Der Abschied vom Chefsessel

Dr. Herbert Stuckstedte geht als ärztlicher Direktor der Klinik Königshof in den Ruhestand. Er betritt Neuland.

Der Abschied vom Chefsessel
Foto: Andreas Bischof

Krefeld. Zum ersten Mal ist Dr. Herbert Stuckstedte auf etwas nicht gut vorbereitet: auf seinen eigenen Ruhestand. Am Mittwoch wird der Chefarzt der Klinik Königshof in einer Feierstunde offiziell verabschiedet. An Silvester ist dann endgültig Schluss. „Ich bin eine Arbeitsmaschine“, sagt der 66-Jährige von sich selbst, der in den letzten Jahren verstärkt Menschen mit Burn-out-Syndrom geholfen hat. Was er für sich tun konnte, um nicht im aufreibenden Job zu verbrennen, erzählt er offen und entspannt bei einer Tasse Kaffee.

Mit offenem, freundlichem Blick sitzt Stuckstedte am Tisch. Vor vier Jahren, bei seinem Wechsel aus Neuss an das Fachkrankenhaus für Psychiatrie, Neurologie und Psychotherapie in Königshof, beschrieb ihn der Geschäftsführer der St.-Augustinus-Fachkliniken, Dr. Martin Köhne, als kollegial, kompetent und umsichtig. Eigenschaften, die Geschäftsführer Michael Novotny vier Jahre später immer noch kräftig unterstreicht.

„Ich gehöre nicht zu den Chefärzten alter Prägung, die bestimmte Lehrmeinungen dogmatisch weitergeben und jüngere Kollegen rüffeln und rügen“, sagt Stuckstedte ohne Allüren. Er beriet schon in Zeiten, in denen das Wort Teamgeist noch unbekannt war, Kollegen und suchte gemeinsam mit ihnen nach Lösungen. Doch auch vor alleinigen Entscheidungen schreckte er nicht zurück.

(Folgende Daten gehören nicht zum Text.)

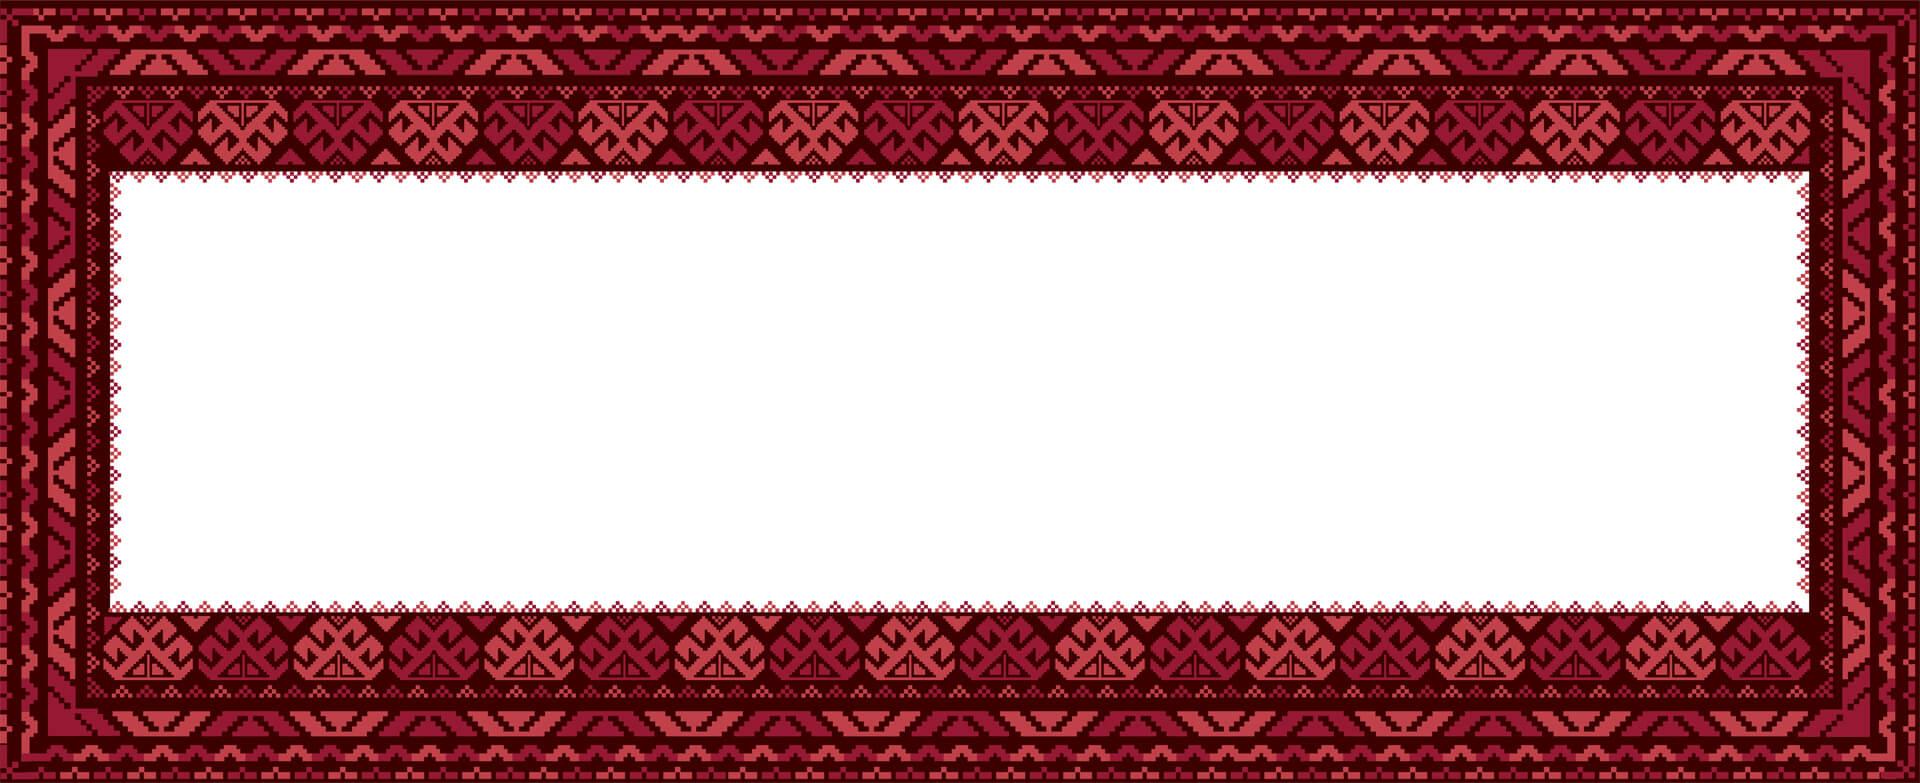 Carpets_of_kashmir_RUG_KNOT_banner
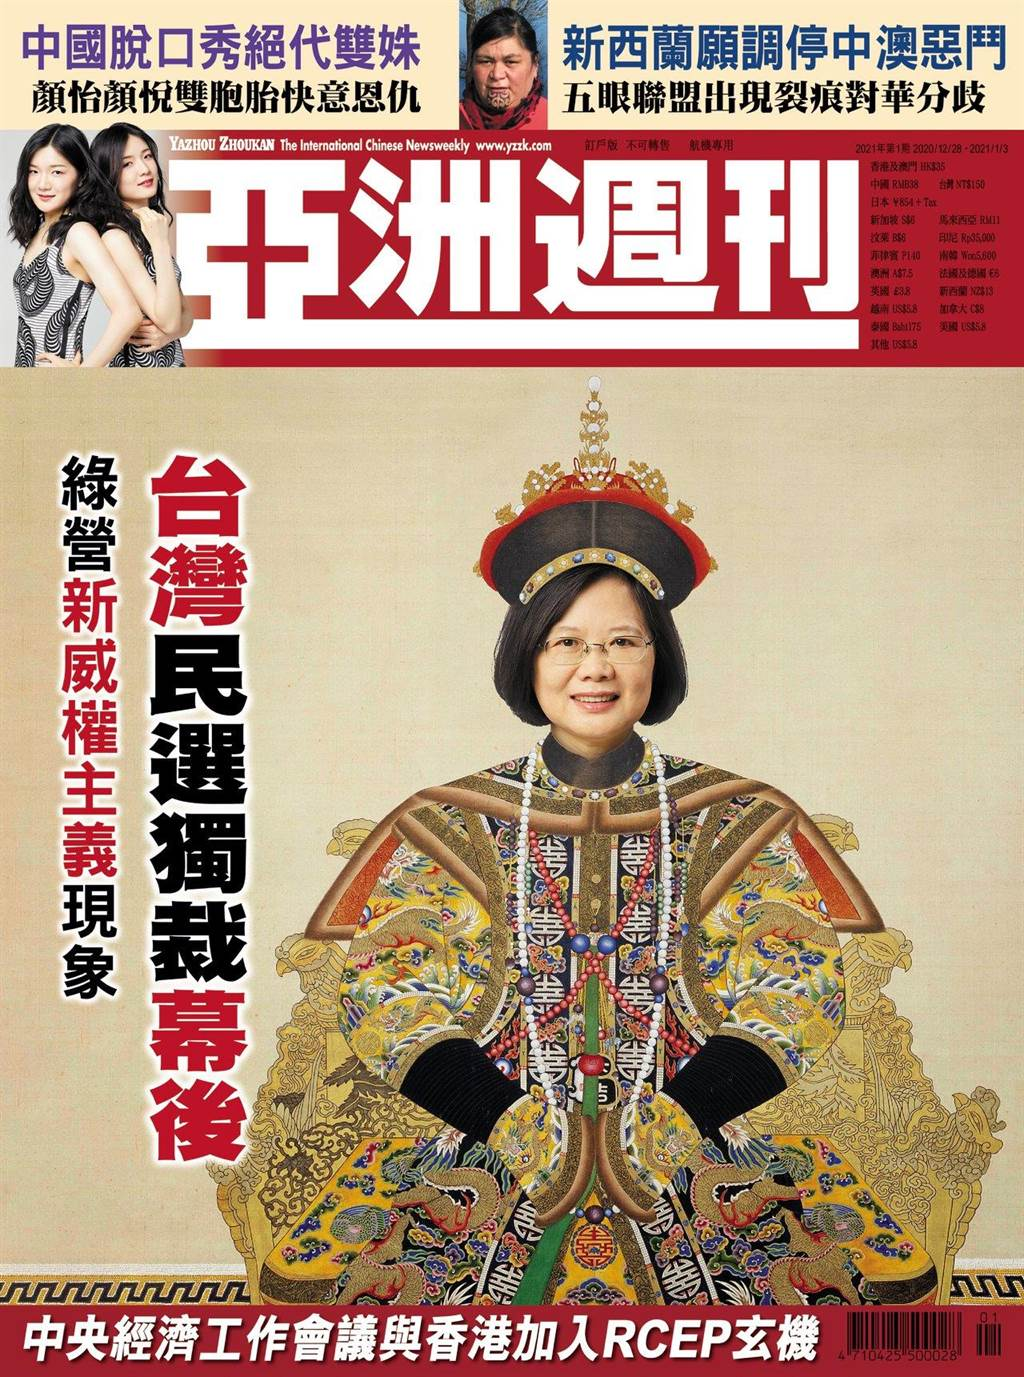 亞洲週刊2020年12月24日最新封面專題——台灣民選獨裁幕後 綠營新威權主義現象。(圖/翻攝自 亞洲週刊)

Nach fast zwei Jahrzehnten zunächst als Ärztlicher Leiter und später als Ärztlicher Direktor des St.-Alexius-/St.-Josef-Krankenhauses Neuss gefällt ihm am Krefelder Haus vor allem die Größe. „Mit 145 Betten kann man dieses Krankenhaus bis ins Detail überschauen.“

Nach dem plötzlichen Tod von Dr. Helmut Schönell im Jahr 2008 und dem kurzen Intermezzo von Dr. Gerhard Friedrich hatte Stuckstedte 2010 mit Tatendrang die Aufgabe des Chefarztes übernommen.

Vor allem das Behandlungsangebot bei Depressionen, Ängsten und Psychosen hat er ausgebaut. Eine Besonderheit seitdem sind muttersprachliche ambulante Angebote für türkisch- und russisch-stämmige Bürger. „Das ist sehr gut angekommen.“ Ein weiterer wichtiger Schritt ist die Zusammenarbeit der Tagesklinik Königshof mit dem Helios-Klinikum. Dabei besuchen Psychiater Patienten im Helios, die in den Kliniken der Inneren Medizin, Onkologie, Palliativmedizin sowie der Kardiologie neben physischen auch starken psychologischen Nöten ausgesetzt sind.

Ab Januar ist für Stuckstedte nun damit Schluss. Konkrete Pläne für die Zukunft hat er noch nicht. „Ich möchte lernen, mich meiner Endlichkeit zu stellen.“ Nach Jahrzehnten der täglich zehnstündigen Arbeit sei das Neuland für ihn.

Er hat nun ausreichend Zeit für seine Frau Heidi und seine inzwischen erwachsenen drei Kinder. So wie auch Zeit für Sport, Reisen und das Lesen. „Ich habe immer sehr viel und sehr gerne gelesen und daraus in stressigen Zeiten meine Kraft geschöpft“, erzählt Stuckstedte. Ob historische Romane, Sachliteratur oder außergewöhnliche Formate wie das 2200 Seiten umfassende Buch „Der Mann ohne Eigenschaften“. Ein Titel, der auf ihn persönlich aber so gar nicht zutrifft.